First, a few notes: When it notices bad casts, CCured will print something like this:
** 1: Bad cast at cdb_make.c:36 (char  *510 ->struct cdb_hplist  *1376)
** 2: Bad cast at pathexec_env.c:42 (char  *510 ->char */* __NODE(2537)  */ *2538)
** 3: Bad cast at pathexec_env.c:67 (char */* __NODE(2537)  */ *2538 ->char  *2553)
** 4: Bad cast at sig.c:12 (void (int  ) *2695 ->void () *2694)
** 5: Bad cast at sig_catch.c:9 (void () *673 ->void (int  ) *2711)
ptrkinds: Graph contains 4383 nodes
ptrkinds:   SAFE - 3142 ( 72%)
ptrkinds:   SEQ - 15 (  0%)
ptrkinds:   FSEQ - 127 (  3%)
ptrkinds:   WILD - 1099 ( 25%)
535 pointers are void*
5 bad casts of which 0 involved void* and 2 involved function pointers
1 (20%) of the bad casts are downcasts
0 incompatible equivalence classes
This means that there are 5 bad casts (which contaminate 25% of your pointers). There are no incompatible equivalence classes in this case.

You can either go directly at the line numbers in which the bad casts are reported, or you can use the browser (Section 5.1).

Bad cast number 4 and 5 in the example above are clear indications that there are some incomplete function types in your program. Go and add the argument types.

The other bad casts are due to an undeclared memory allocator. After we fix those we rerun and we get:
ptrkinds: Graph contains 4575 nodes
ptrkinds:   SAFE - 3324 ( 73%)
ptrkinds:   SEQ - 41 (  1%)
ptrkinds:   FSEQ - 150 (  3%)
ptrkinds:   WILD - 1060 ( 23%)
579 pointers are void*
0 bad casts of which 0 involved void* and 0 involved function pointers
No bad casts, so no downcasts
2 incompatible types flow into node void  *518
  Type char */* __NODE(2549)  */ *2550 at pathexec_env.c:67
  Type char  *102 at dns_transmit.c:63
2 incompatible equivalence classes
Notice that we have more pointers in the program. This is due to the allocator, which is now polymorphic and is duplicated several times. But we also have incompatible equivalence classes. This is because there is a void * pointer that is used with several incompatible types (in this case char * and char **). See Section 7.1 for more details on this.

7.1  Polymorphism

Polymorphism is the ability a program fragment to operate on data of different types. This is a useful thing to be able to do and since C does not have special support for it, each programmer implements polymorphism by extensive use of casting. But not all casts are equal. Consider for example a function that just returns its argument:

int identity_bad(int x) { return x; }
This function can be used with any type that fits in an integer, provided the appropriate casts from the type to int and back are inserted. But as we have already discussed in Section 9.4 this won't work in CCured because the pointers you get out are not usable.

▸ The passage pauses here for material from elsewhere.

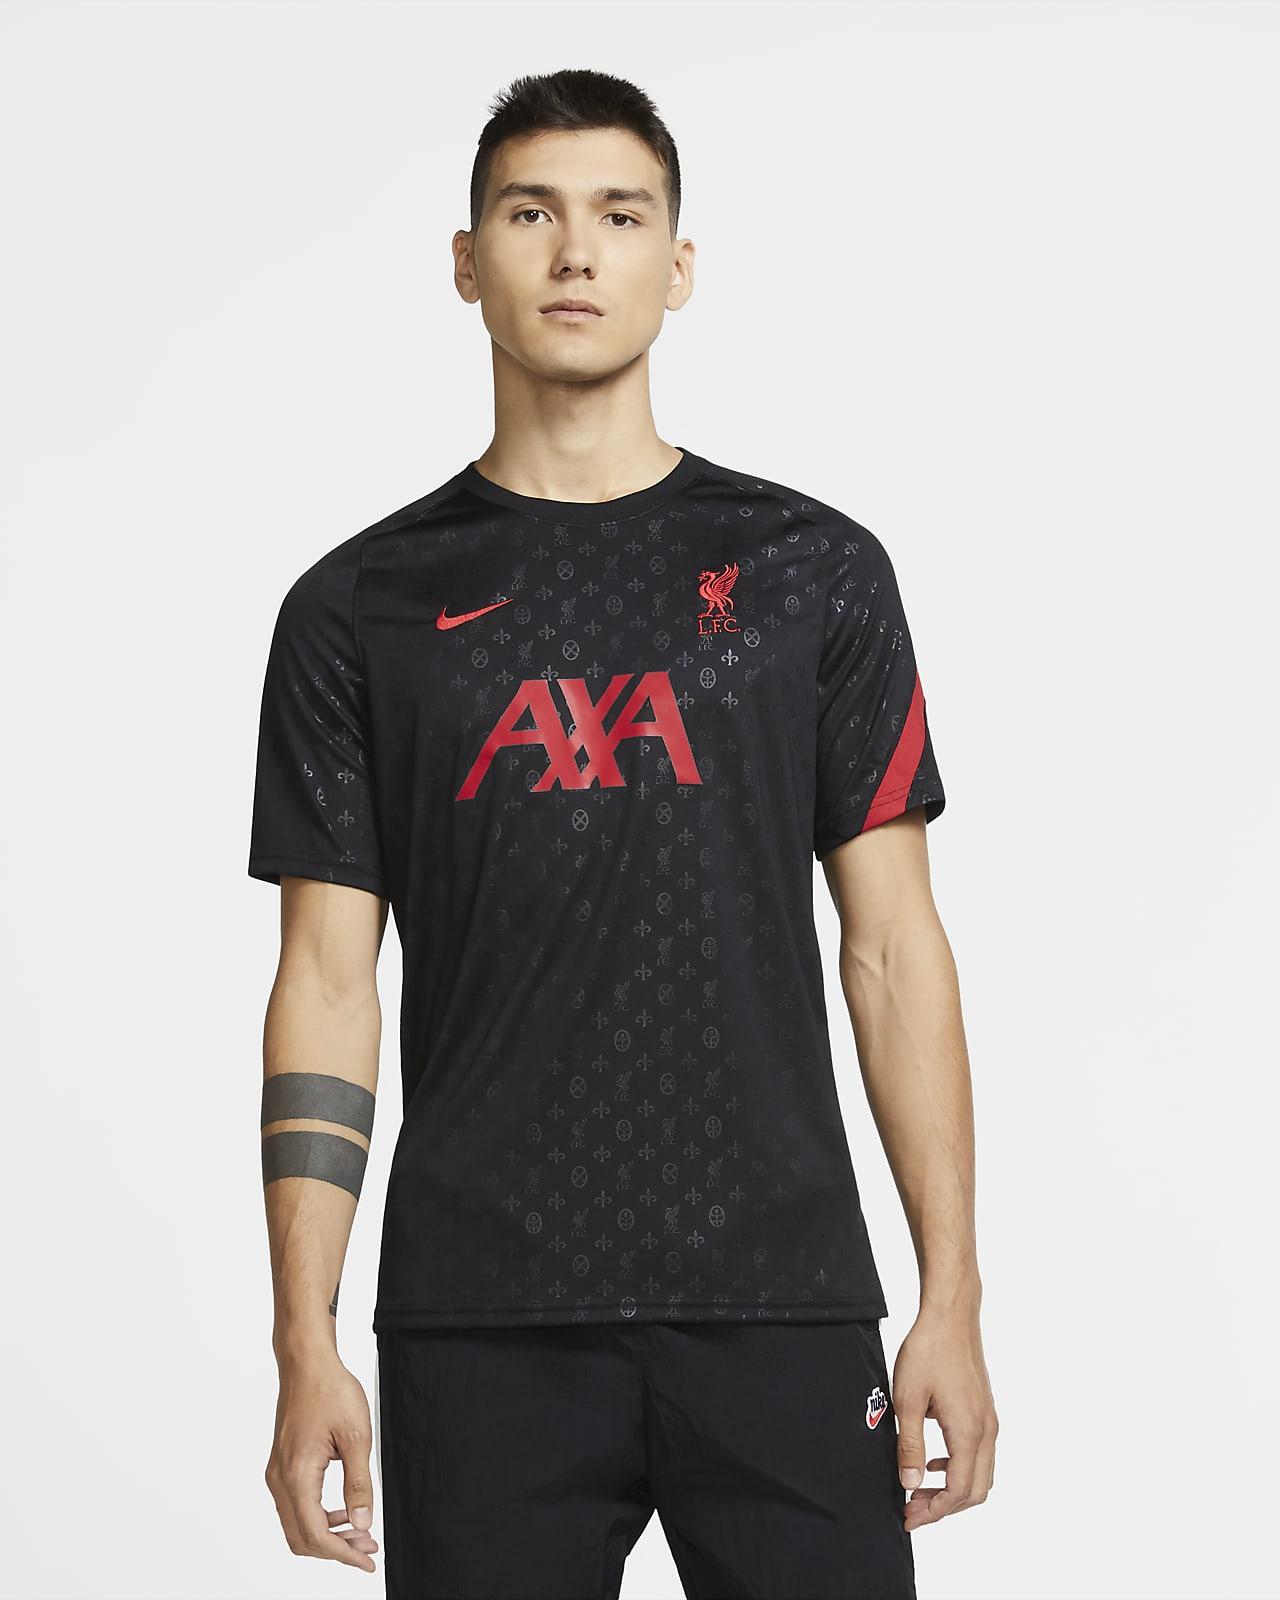 Liverpool FC Camiseta de fútbol de manga corta para antes del partido - Hombre

A better way to do this is as follows:

void* identity(void* x) { return x; }
It is a common paradigm in C to use void* for a “pointer to I don't know what” type. CCured supports this view directly by considering each use of void * in the program as an occurrence of an unknown type. The CCured inferencer will try to find a replacement type that makes sense in that context. For example, in the following code fragment CCured will think of both occurrences of void * as actually being int * *.

void* identity(void* x) { return x; }

int main() {
    int * * p = 0;
    int * * res = identity(p);
}
Browse the CCured inferred pointer kinds, or see the CCured output for this code fragment

This model works for even very complicated code, such as the following fragment that defines a function apply which applies a function pointer to some arguments (see in the output that all pointers are inferred SAFE):

// Applies a function to an argument
void * apply(void* (*f)(void*), void *arg) {
   return f(arg);
}

// A simple dereference function
int * deref(int * * addr) {
    return *addr;
} 

int  main() {
     int * x = 0;
     int * res = apply(deref, & x);
}
Browse the CCured inferred pointer kinds, or see the CCured output for this code fragment

In the above example there are four occurrences of void * in the definition of apply. Based on the actual usage of apply the first two are mapped to int * and the latter two are mapped to int * *.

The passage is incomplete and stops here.